Drift moves stimuli to higher cone density areas.

a, Five exemplary motion traces relative to CDC, PRL and PCD location on the Voronoi tessellated cone mosaic of one participant. b, All single trial motion traces of one eye shown on the corresponding cone mosaic (95 trials containing drift only). One-SD isoline areas (ISOA) are shown for all stimulus onset (blue) and offset (yellow) locations, indicating a trend of directional drift towards higher cone densities during 500 ms stimulus presentation. c, Polar histogram of all individual motion traces (n = 2739) shows the relative frequency of motion angles, θRetina, between start (coordinate center) and end of motion in retinal coordinates. The inset indicates θ sign. d, Same data as in c, where θCDC was computed relative to the line connecting drift start location and CDC, see inset. The pink quarter indicates the angular space used for the computation of the tuning ratio. e, The difference between acuity threshold and Nyquist limit showed a significant trend to be larger for stronger directionality tuning.
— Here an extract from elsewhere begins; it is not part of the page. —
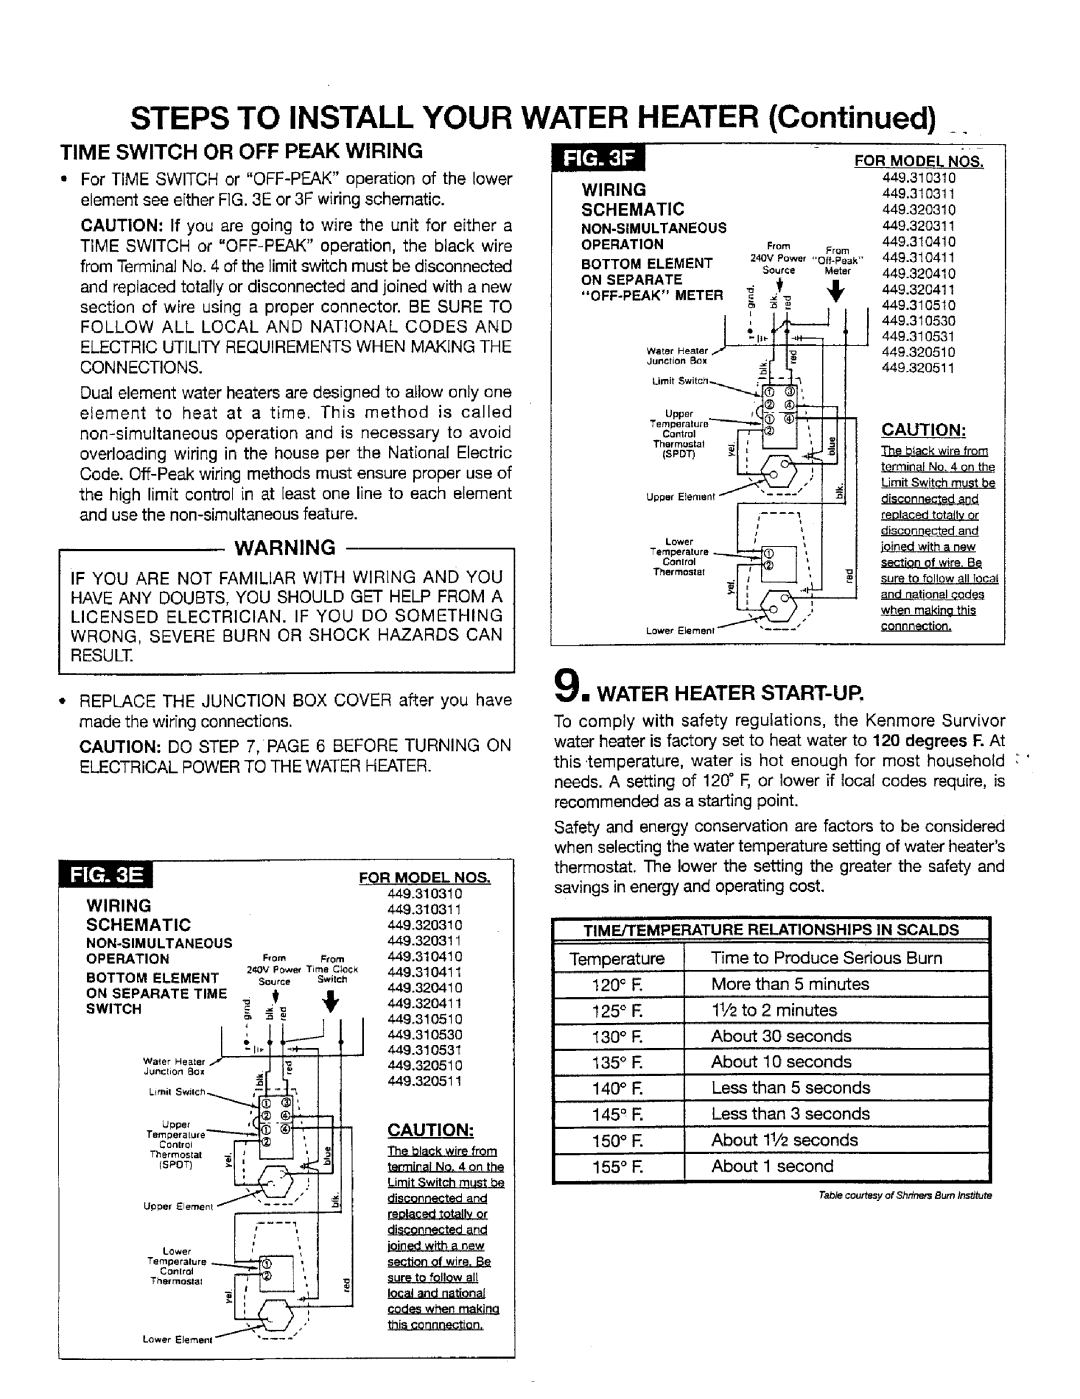 Sears 449.31041 Time Switch Or Off Peak Wiring, I al, Water Heater Start-Up, STEPS TO INSTALL YOUR WATER HEATER Continued 
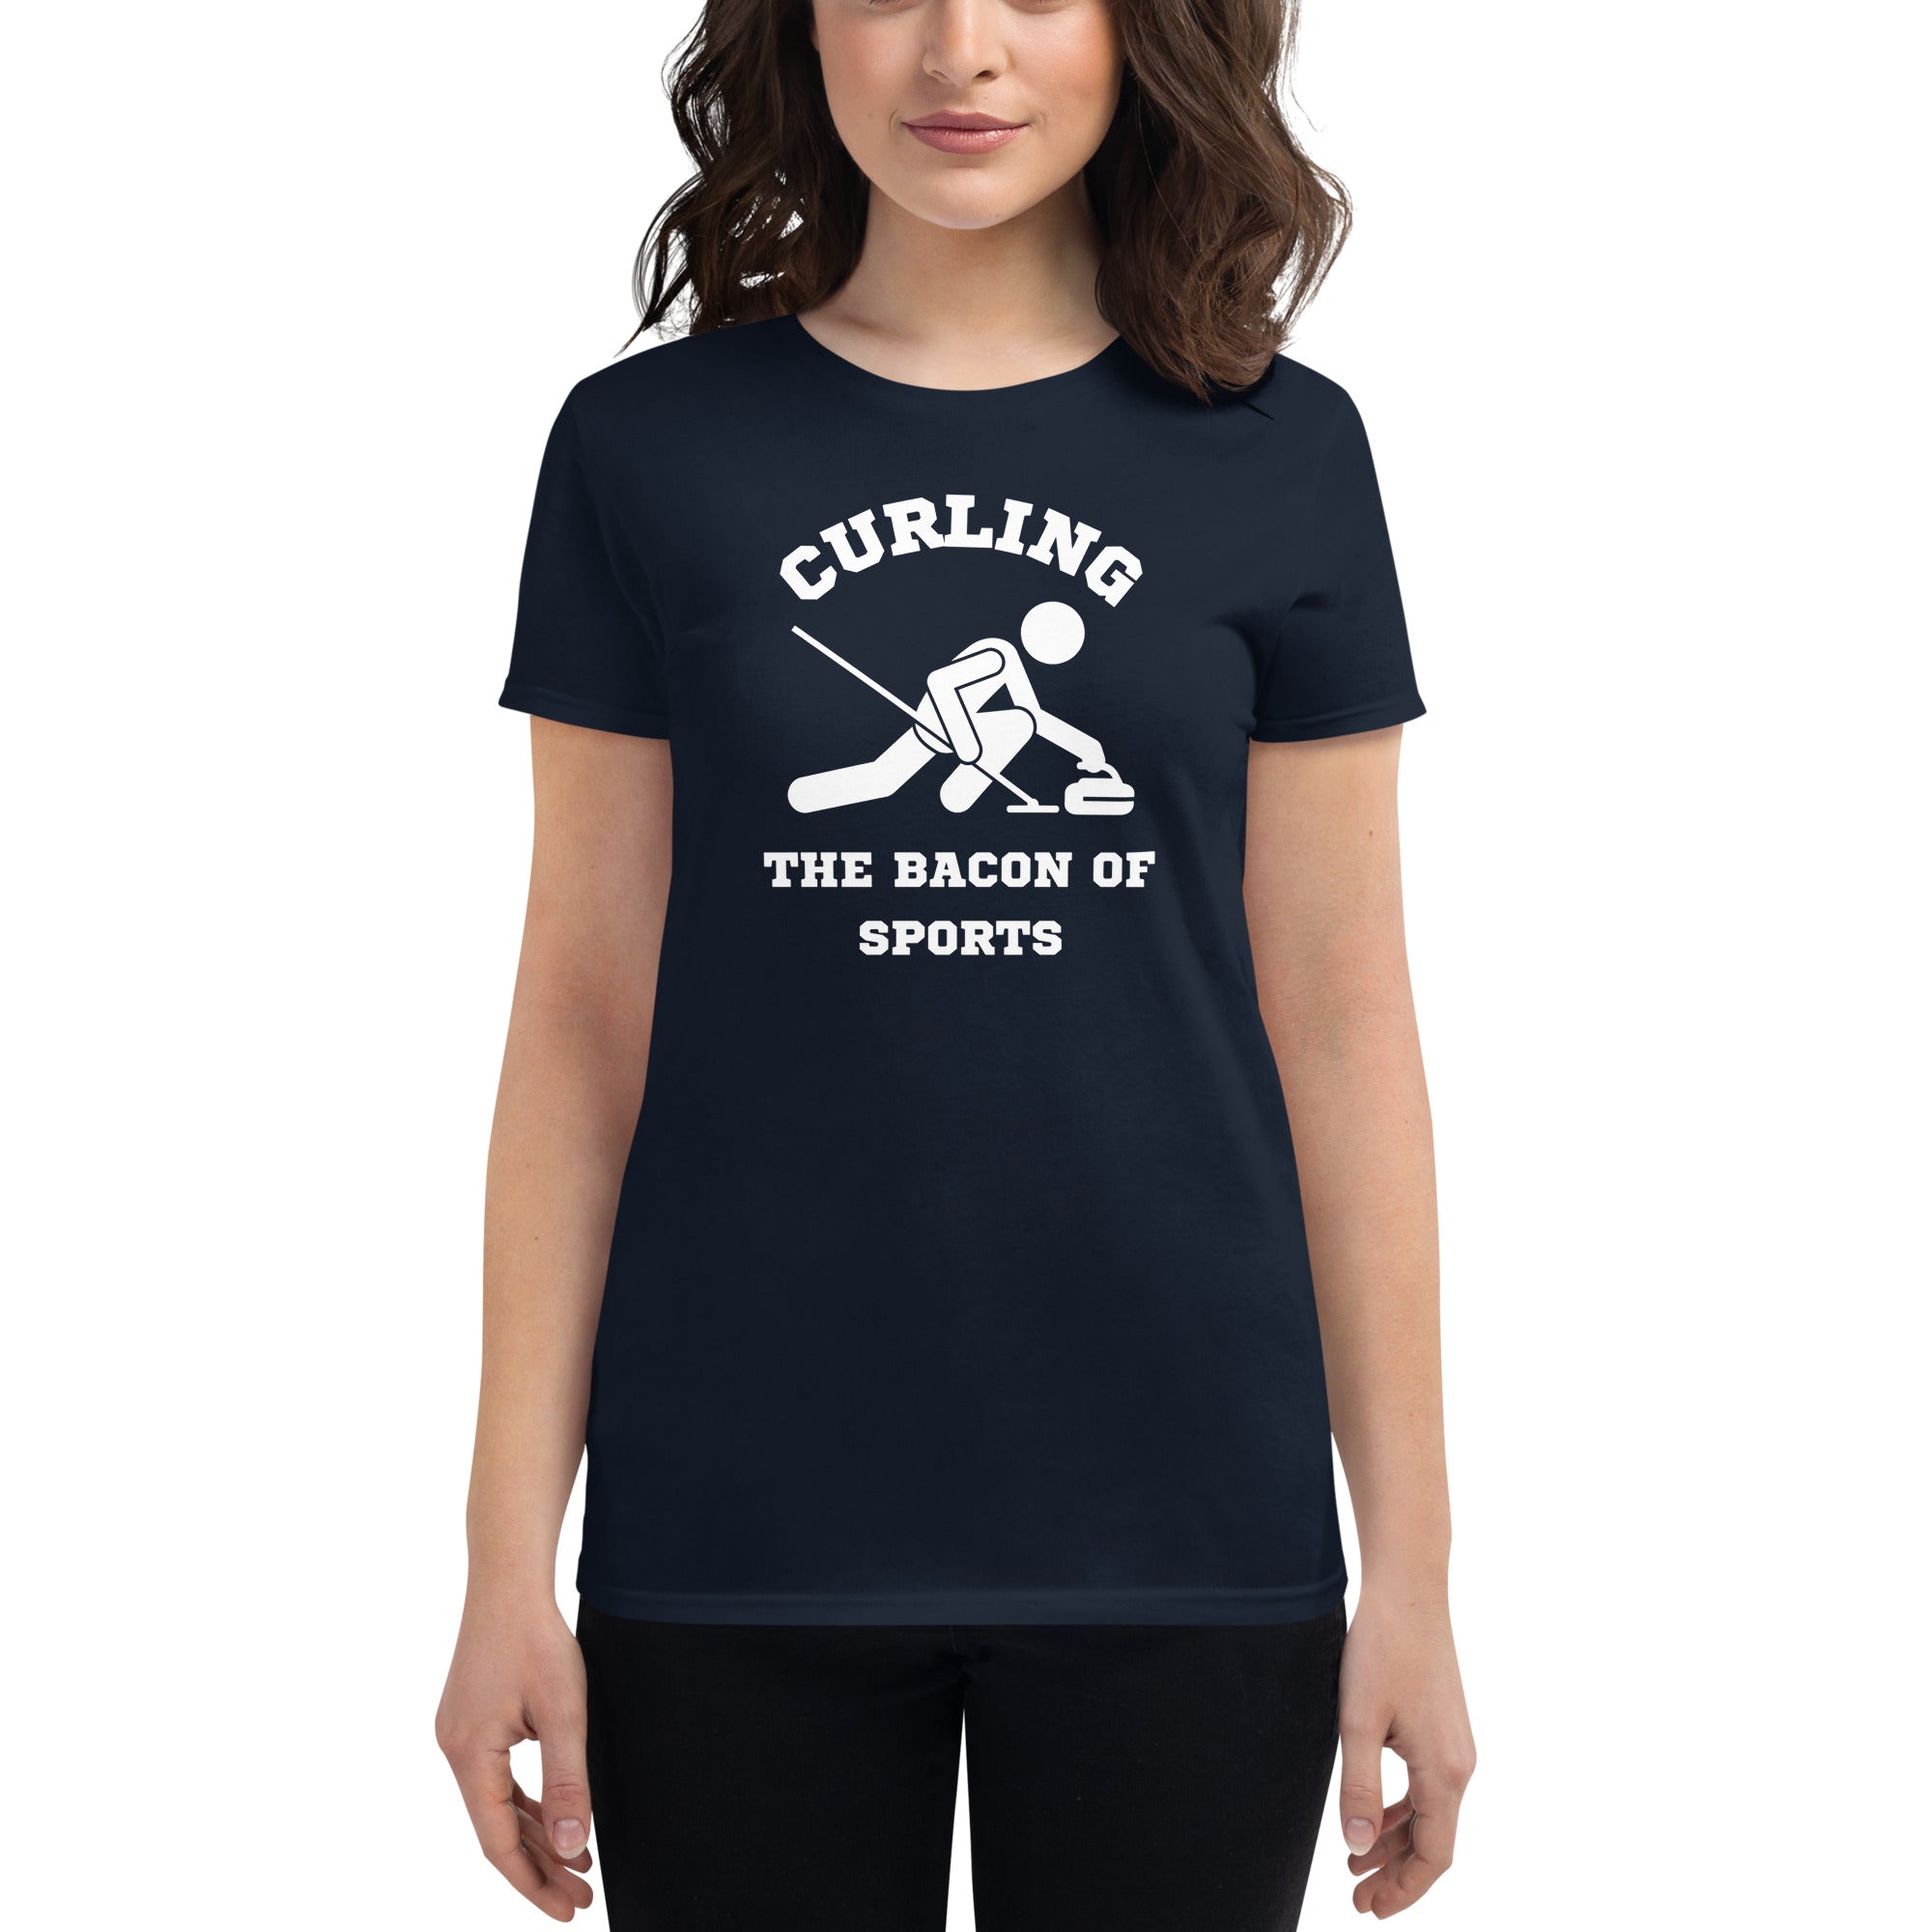 Curling The Bacon Of Sports Women's Fitted T-Shirt

The tuning ratio was computed as the ratio between the relative frequency of intra-participant drift motion towards the CDC (± 45 deg) and the average of drift motion towards the remaining 3 quadrants. f, Relative frequency of drift direction relative to CDC (top), PRL (middle) and PCD (bottom), respectively. g, Across all participants and trials, drift amplitude correlated with stimulus onset distance from CDC. There was no clear effect of stimulus onset distance on motion directionality (data color corresponding to θCDC). h, The achieved sampling gain due to the performed drift motion is significantly correlated to the potential sampling gain in individuals. In both dominant and non-dominant eyes the potential sampling gain is on average exploited by 30 %, respectively.